Of course, Pope Pius XII tried to spare Catholics this gulf by recommending a discussion limited to experts ... but instead his words were twisted into an excuse for a revolution among the faithful. People who had been using In Praeclara Summorum or Providentissimus Deus to revolutionise attitudes about Geocentrism as, if no longer compulsory, at least still preferrable, had helped prepare that other abuse of Encyclical Texts.

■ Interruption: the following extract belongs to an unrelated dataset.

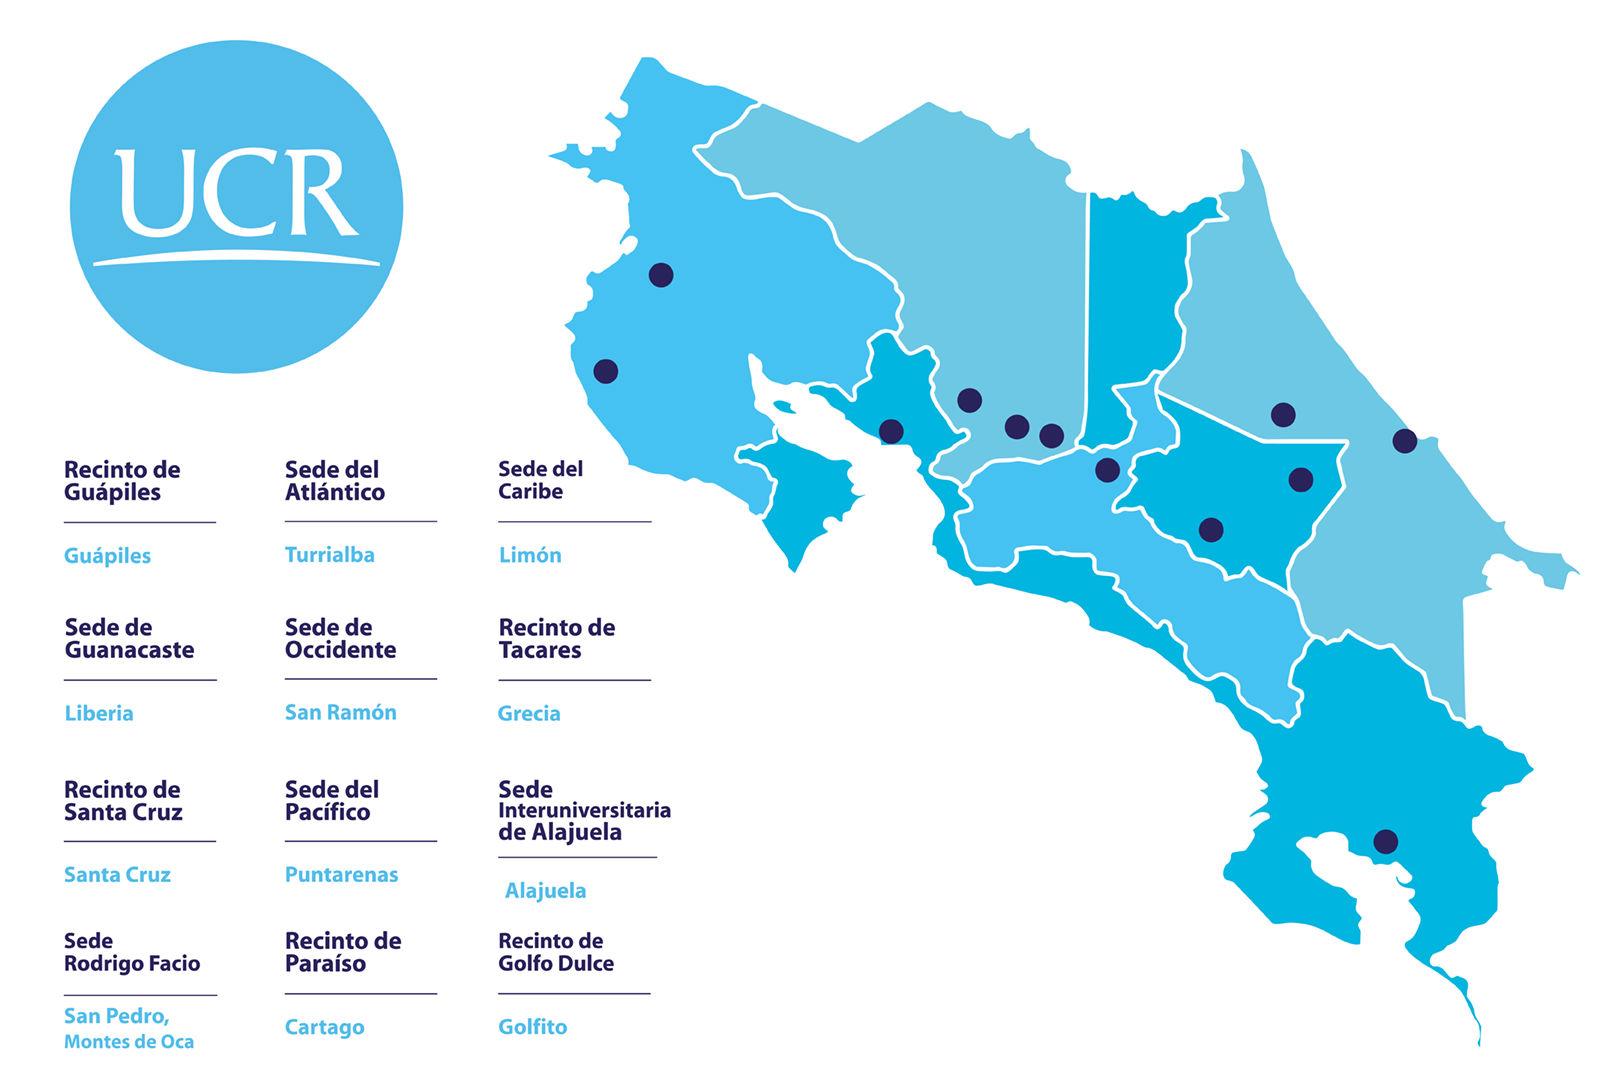 UCR Sedes regionales trazan nuevas rutas para la regionalizacion universitaria4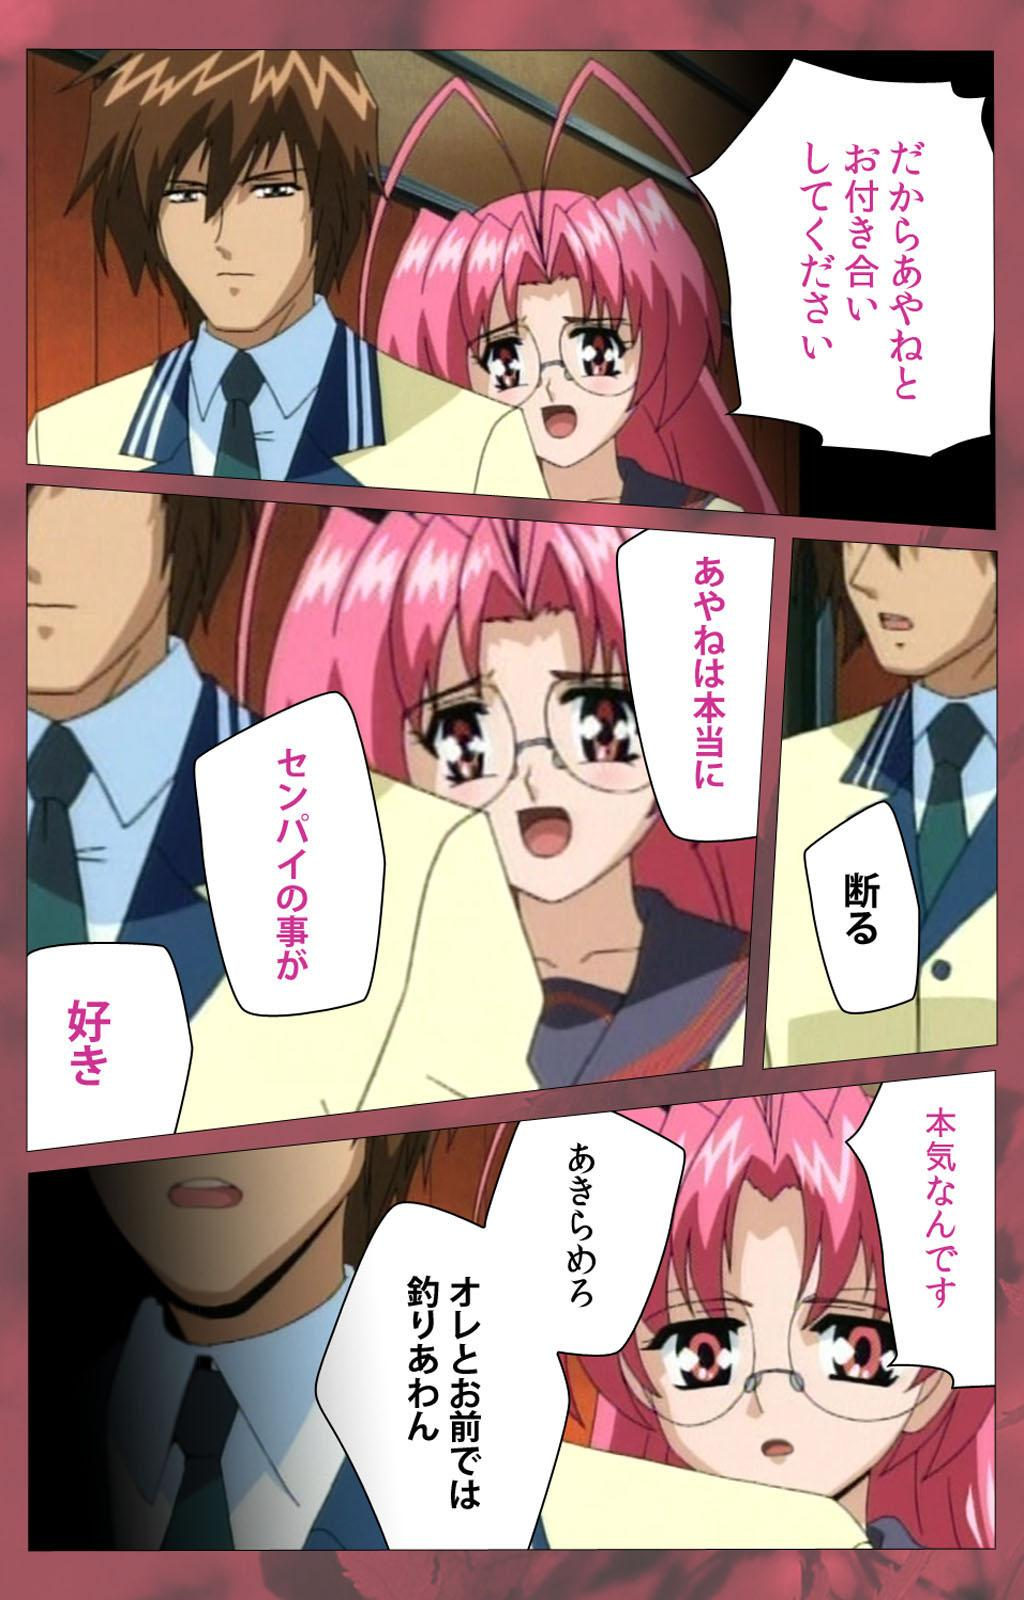 'watashi ningyo jaarimasen' kanzenhan 148

The misreading of Humani Generis which Hutchison got from his Catholic teachers was more or less also the one communicated to JRRT from the pulpit, when in a Letter he discussed how Protestants lack guidance on this issue. Here is my discussion of Hutchison's error:

MSN Group Antimodernism in memoriam : One group member promoted Hutchison

I am getting impatient. If someone will say my take is a normal Catholic take, I may take that. If someone will condemn my take as un-Catholic, publically, I can at least say that he has shown he flaunts Tradition, if that is the case. But if people go on and excuse me of being a heretic by saying I am ill, or arrested in development to acquiring an adult mind, or by flattering me and claiming my take is a more than normal take from a Catholic, one that can only be expected from a Saint (in other words other Catholics are not encouraged to read me but to observe whether I am a Saint or not), I take such duplicity and falseness as a sign of a very bad conscience.

Hans-Georg Lundahl
Bpi, Georges Pompidou
II Sunday of Lent

* References to Dickson/CSL, to Mortalium Animos, to St Thomas Aquinas and to St Augustine:

CMI : Genesis 1 and theories of origin
Published: 16 February 2012 (GMT+10)
Dickson in his own words
A response to Benno Zuiddam


Great Bishop of Geneva! : Congratulating Lita Cosner on agreeing basically with St Thomas Aquinas

Triviū, Quadriviū, 7 cætera : Distant Starlight Problem - Answered by Geocentrism

** Ancient terminology for things like relationship between diametre and circumference of perfect circle or between diagonal and side of square was "irrational ratio". Ratio because it was a relationship of size to size, and irrational because it was not a "number to number ratio" like 3:2. I have proposed this could be amended to "non-numeric ratio", since the sizes involved in such ratios are not numbers. In the same vein e is not a number, but some kind of ratio and if anyone takes (1 - 0.1)10 as a basis for anything, including calculation of logarithm tables, one may add that 1 - 0.1 is really a fancy way of writing 1:1 - 1:10. Which are ratios, not numbers.